Flink -- Failover - 秒客网

JobManager failover

LeaderLatch

private synchronized void setLeadership(boolean newValue)
{
    boolean oldValue = hasLeadership.getAndSet(newValue);

    if ( oldValue && !newValue ) //原来是leader，当前不是leader，所以是lost leadership
    { // Lost leadership, was true, now false
        listeners.forEach(new Function<LeaderLatchListener, Void>()
            {
                @Override
                public Void apply(LeaderLatchListener listener)
                {
                    listener.notLeader();
                    return null;
                }
            });
    }
    else if ( !oldValue && newValue )
    { // Gained leadership, was false, now true
        listeners.forEach(new Function<LeaderLatchListener, Void>()
            {
                @Override
                public Void apply(LeaderLatchListener input)
                {
                    input.isLeader();
                    return null;
                }
            });
    }

    notifyAll();
}

ZooKeeperLeaderElectionService

@Override
public void isLeader() {
   synchronized (lock) {
      issuedLeaderSessionID = UUID.randomUUID();

      leaderContender.grantLeadership(issuedLeaderSessionID);
   }
}

@Override
public void notLeader() {
   synchronized (lock) {
      issuedLeaderSessionID = null;
      confirmedLeaderSessionID = null;

      leaderContender.revokeLeadership();
   }
}

可以看到，只是分别调用leaderContender.grantLeadership，leaderContender.revokeLeadership

而JobManager继承了leaderContender接口，

revokeLeadership

val newFuturesToComplete = cancelAndClearEverything(
  new Exception("JobManager is no longer the leader."))

在cancelAndClearEverything中，关键的是suspend executionGraph；停止执行，但是并不会job删除，这样其他的JobManager还能重新提交

* The SUSPENDED state is a local terminal state which stops the execution of the job but does
* not remove the job from the HA job store so that it can be recovered by another JobManager.

private def cancelAndClearEverything(cause: Throwable)
  : Seq[Future[Unit]] = {
  val futures = for ((jobID, (eg, jobInfo)) <- currentJobs) yield {
    future {
      eg.suspend(cause) //suspend Execution Graph

      if (jobInfo.listeningBehaviour != ListeningBehaviour.DETACHED) {
        jobInfo.client ! decorateMessage(
          Failure(new JobExecutionException(jobID, "All jobs are cancelled and cleared.", cause)))
      }
    }(context.dispatcher)
  }

  currentJobs.clear()

  futures.toSeq
}

grantLeadership

context.system.scheduler.scheduleOnce(
  jobRecoveryTimeout,
  self,
  decorateMessage(RecoverAllJobs))(
  context.dispatcher)

主要是要恢复所有的job，RecoverAllJobs

case RecoverAllJobs =>
  future {
    try {
      // The ActorRef, which is part of the submitted job graph can only be
      // de-serialized in the scope of an actor system.
      akka.serialization.JavaSerializer.currentSystem.withValue(
        context.system.asInstanceOf[ExtendedActorSystem]) {

        log.info(s"Attempting to recover all jobs.")

        val jobGraphs = submittedJobGraphs.recoverJobGraphs().asScala //从submittedJobGraphs store里面读出所有submitted的job，也是从zk里面读出

        if (!leaderElectionService.hasLeadership()) {
          // we've lost leadership. mission: abort.
          log.warn(s"Lost leadership during recovery.
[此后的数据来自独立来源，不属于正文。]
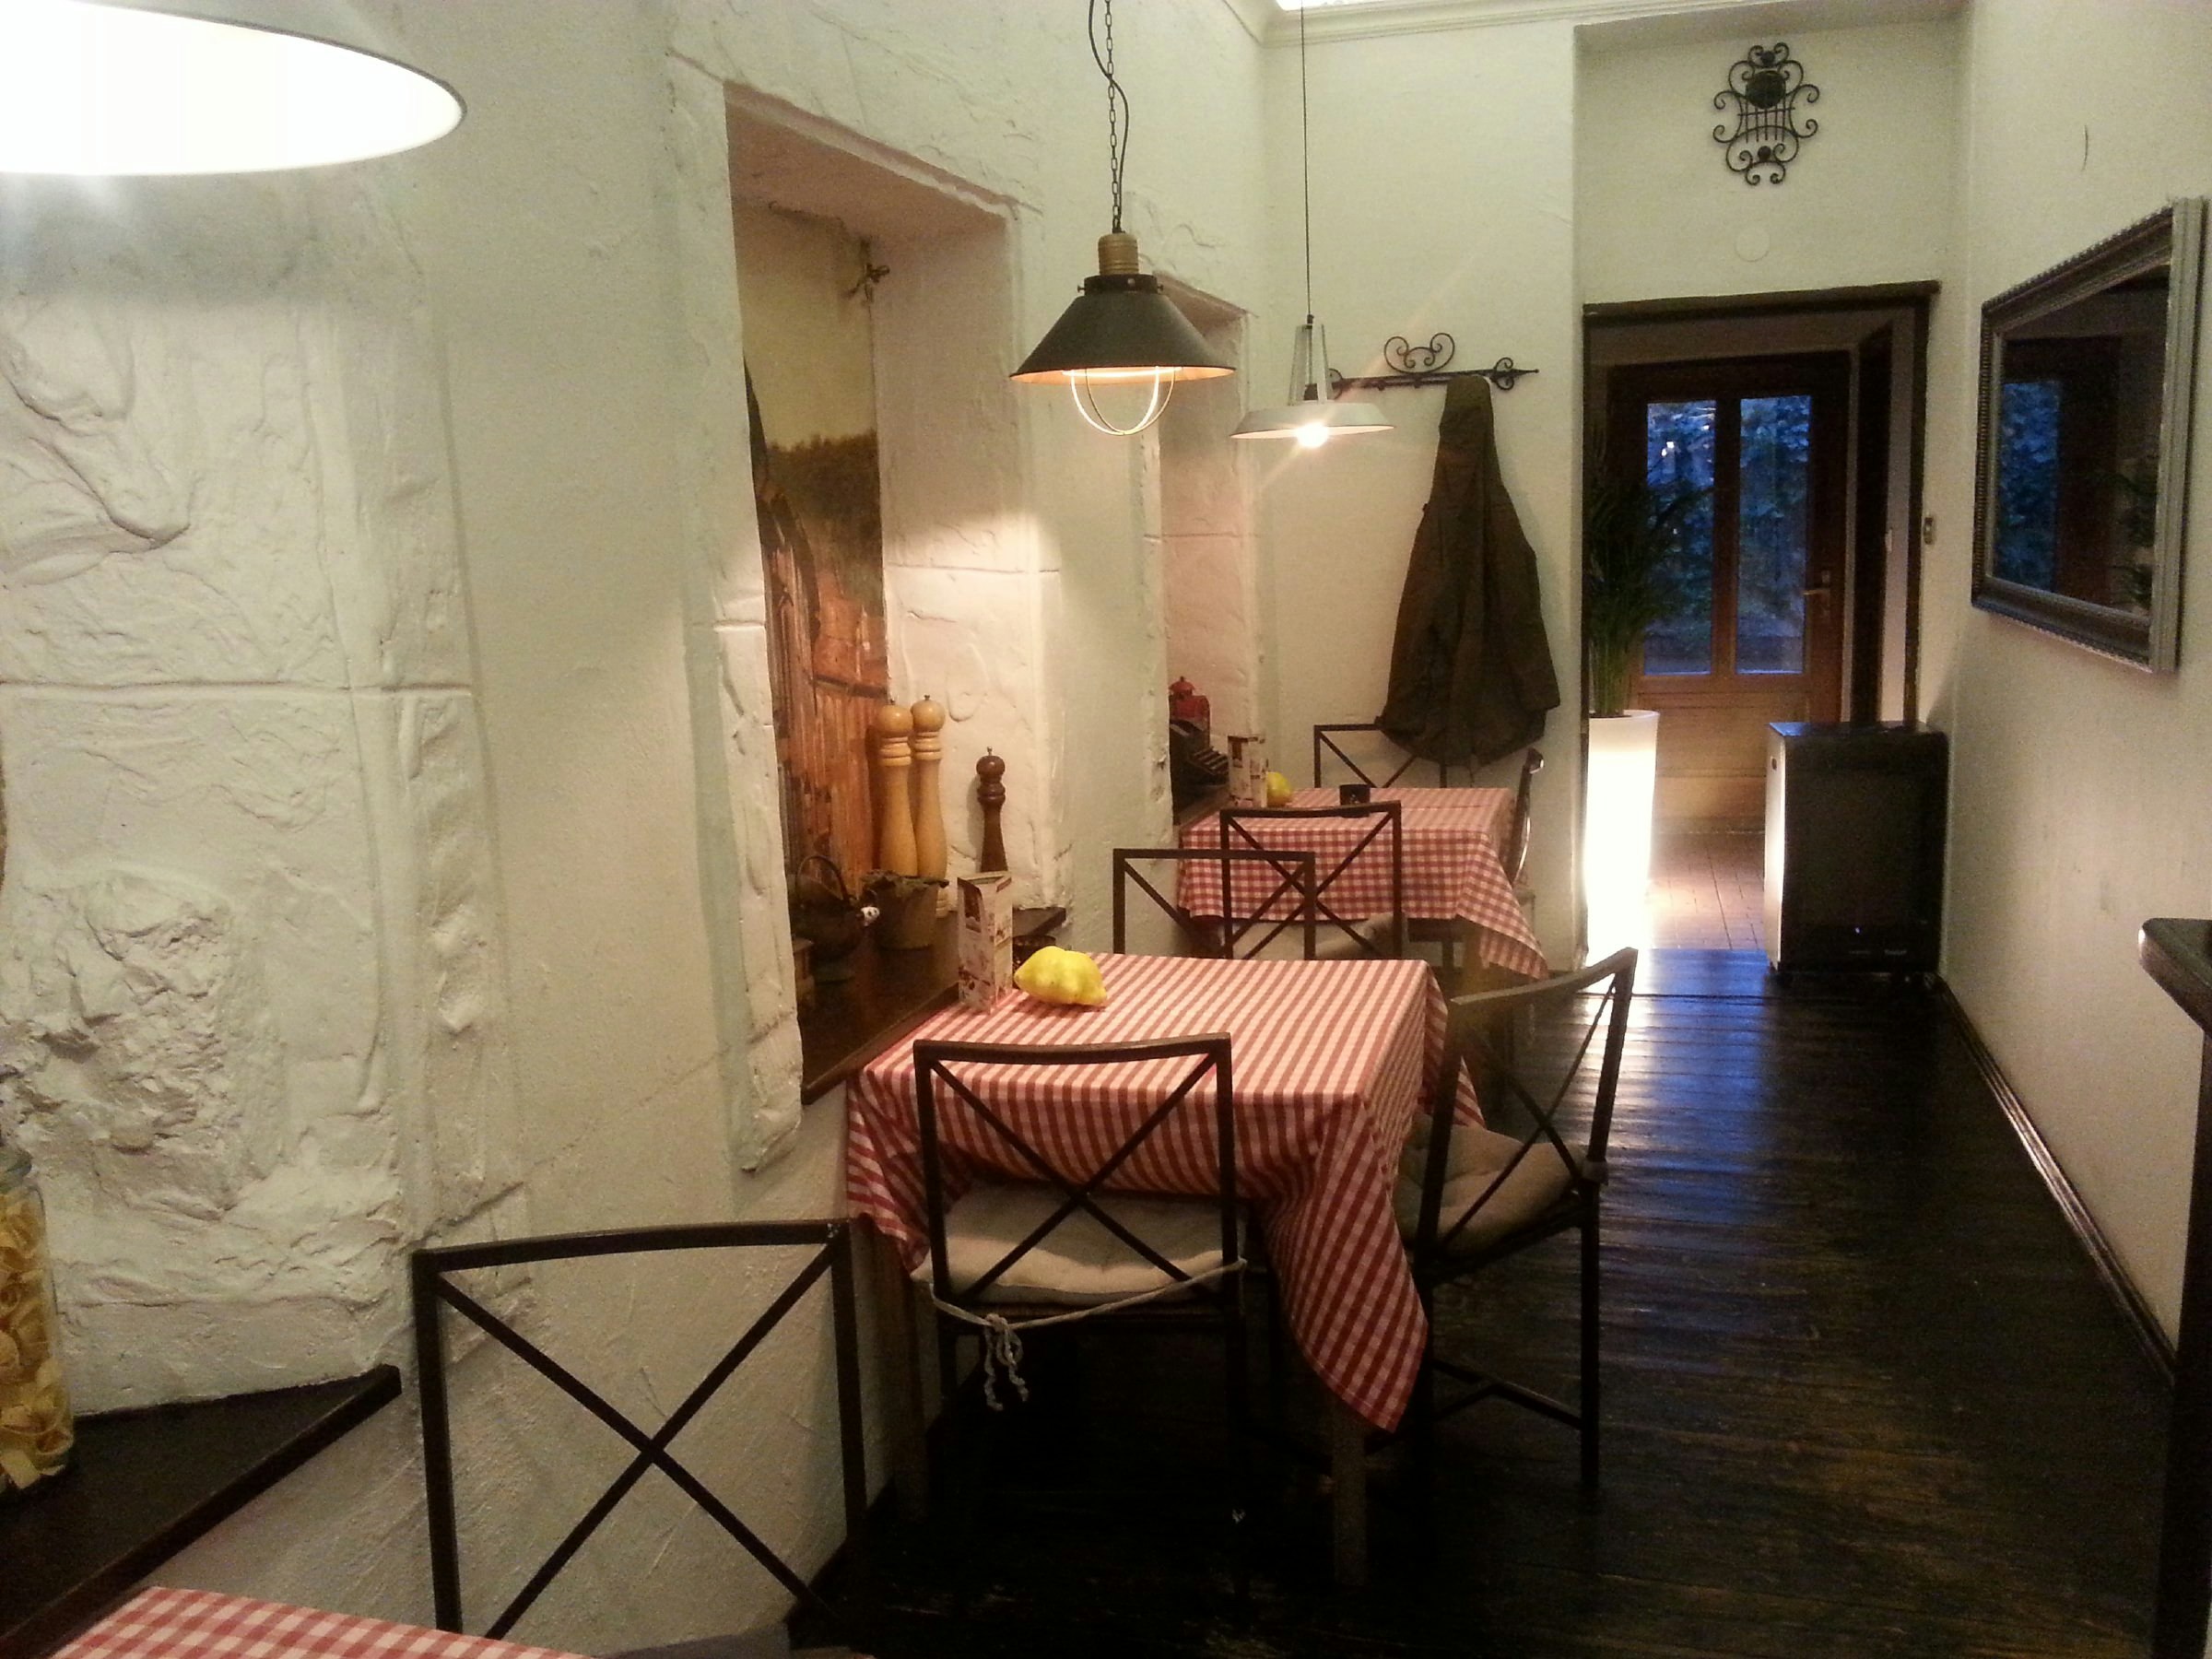 Kuchnia i Wino, side dining area.

Aborting recovery of ${jobGraphs.size} " +
            s"jobs.")
        } else {
          log.info(s"Re-submitting ${jobGraphs.size} job graphs.")

          jobGraphs.foreach{
            submittedJobGraph =>
              self ! decorateMessage(RecoverSubmittedJob(submittedJobGraph)) //recover job
          }
        }
      }
    } catch {
      case t: Throwable => log.error("Fatal error: Failed to recover jobs.", t)
    }
  }(context.dispatcher)

在recover job，

case RecoverSubmittedJob(submittedJobGraph) =>
  if (!currentJobs.contains(submittedJobGraph.getJobId)) {
    submitJob(
      submittedJobGraph.getJobGraph(),
      submittedJobGraph.getJobInfo(),
      isRecovery = true)
  }
  else {
    log.info(s"Ignoring job recovery for ${submittedJobGraph.getJobId}, " +
      s"because it is already submitted.")
  }

其实就是重新的submit job，注意这里的，isRecovery = true

在submit job时，如果isRecovery = true，会做下面的操作，然后后续具体的操作参考Checkpoint篇

if (isRecovery) {
  executionGraph.restoreLatestCheckpointedState()
}

TaskManager Failover

在job manager内部通过death watch发现task manager dead，

/**

    * Handler to be executed when a task manager terminates.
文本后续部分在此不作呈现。